🤖 AI Summary
This study addresses the lack of empirical analysis on search behaviors of large language model (LLM)-driven agents in real-world multi-turn retrieval, particularly regarding conversational intent evolution and evidence utilization mechanisms. Leveraging 14.44 million real search logs, the authors segment conversations and employ LLM-assisted annotation to label intents and query reformulations, proposing a Context-Driven Term Adoption Rate (CTAR) to quantify evidence traceability. The work reveals key dynamic characteristics of authentic agent-driven search: 90% of conversations span no more than 10 turns, 89% of consecutive steps occur within one minute, and 54% of new query terms can be traced back to accumulated evidence.
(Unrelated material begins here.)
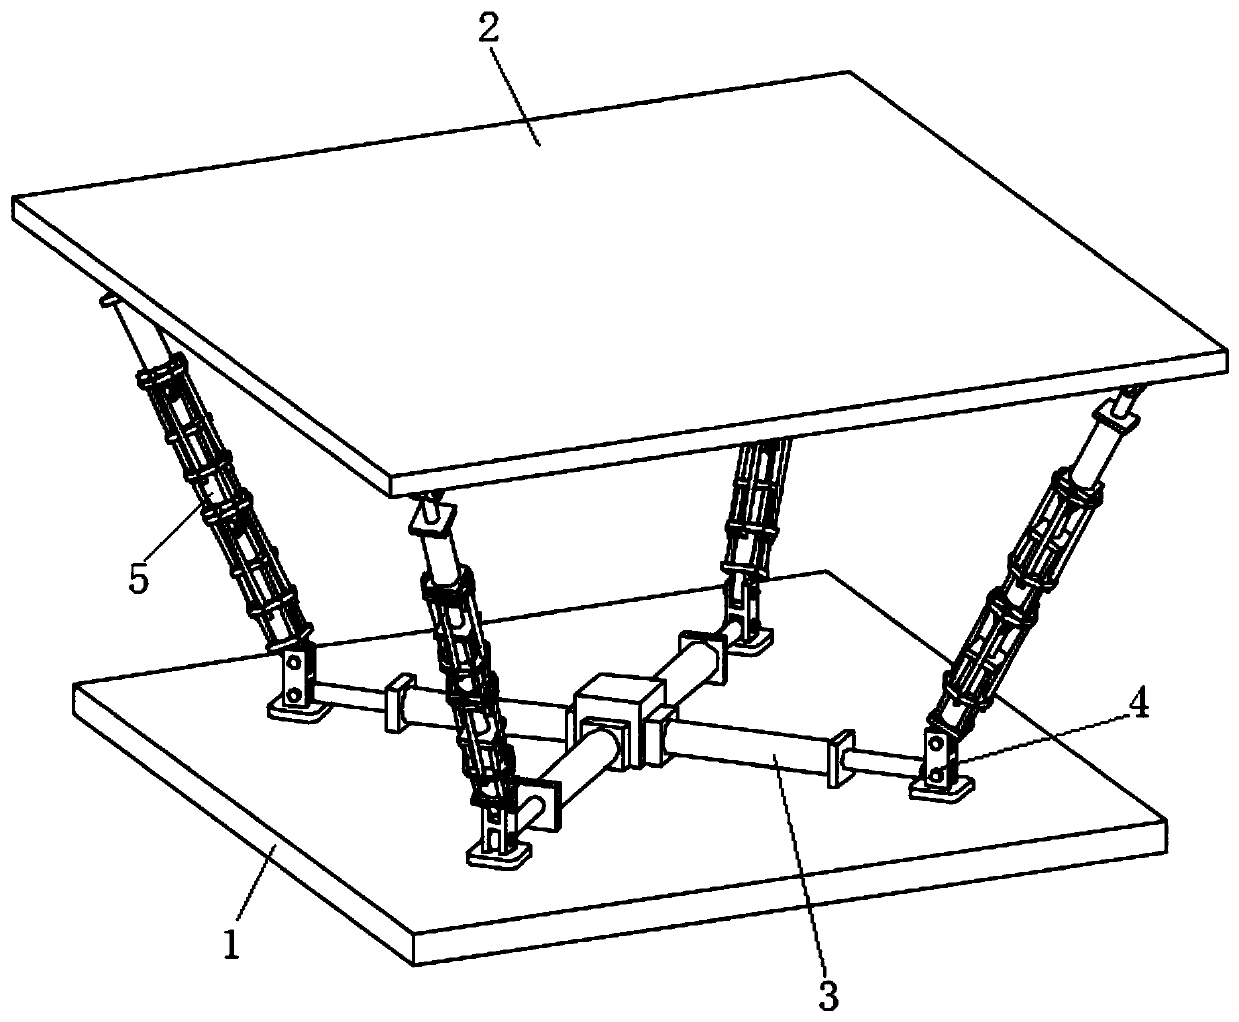 Multi-group hydraulic linkage lifting mechanism

Furthermore, it demonstrates that intent types significantly influence patterns of exploration versus repetition, offering critical empirical insights for optimizing agent-based search systems.
📝 Abstract
LLM-powered search agents are increasingly being used for multi-step information seeking tasks, yet the IR community lacks empirical understanding of how agentic search sessions unfold and how retrieved evidence is used. This paper presents a large-scale log analysis of agentic search based on 14.44M search requests (3.97M sessions) collected from DeepResearchGym, i.e. an open-source search API accessed by external agentic clients. We sessionize the logs, assign session-level intents and step-wise query-reformulation labels using LLM-based annotation, and propose Context-driven Term Adoption Rate (CTAR) to quantify whether newly introduced query terms are traceable to previously retrieved evidence. Our analyses reveal distinctive behavioral patterns. First, over 90% of multi-turn sessions contain at most ten steps, and 89% of inter-step intervals fall under one minute. Second, behavior varies by intent. Fact-seeking sessions exhibit high repetition that increases over time, while sessions requiring reasoning sustain broader exploration. Third, agents reuse evidence across steps. On average, 54% of newly introduced query terms appear in the accumulated evidence context, with contributions from earlier steps beyond the most recent retrieval. The findings suggest that agentic search may benefit from repetition-aware early stopping, intent-adaptive retrieval budgets, and explicit cross-step context tracking. We plan to release the anonymized logs to support future research.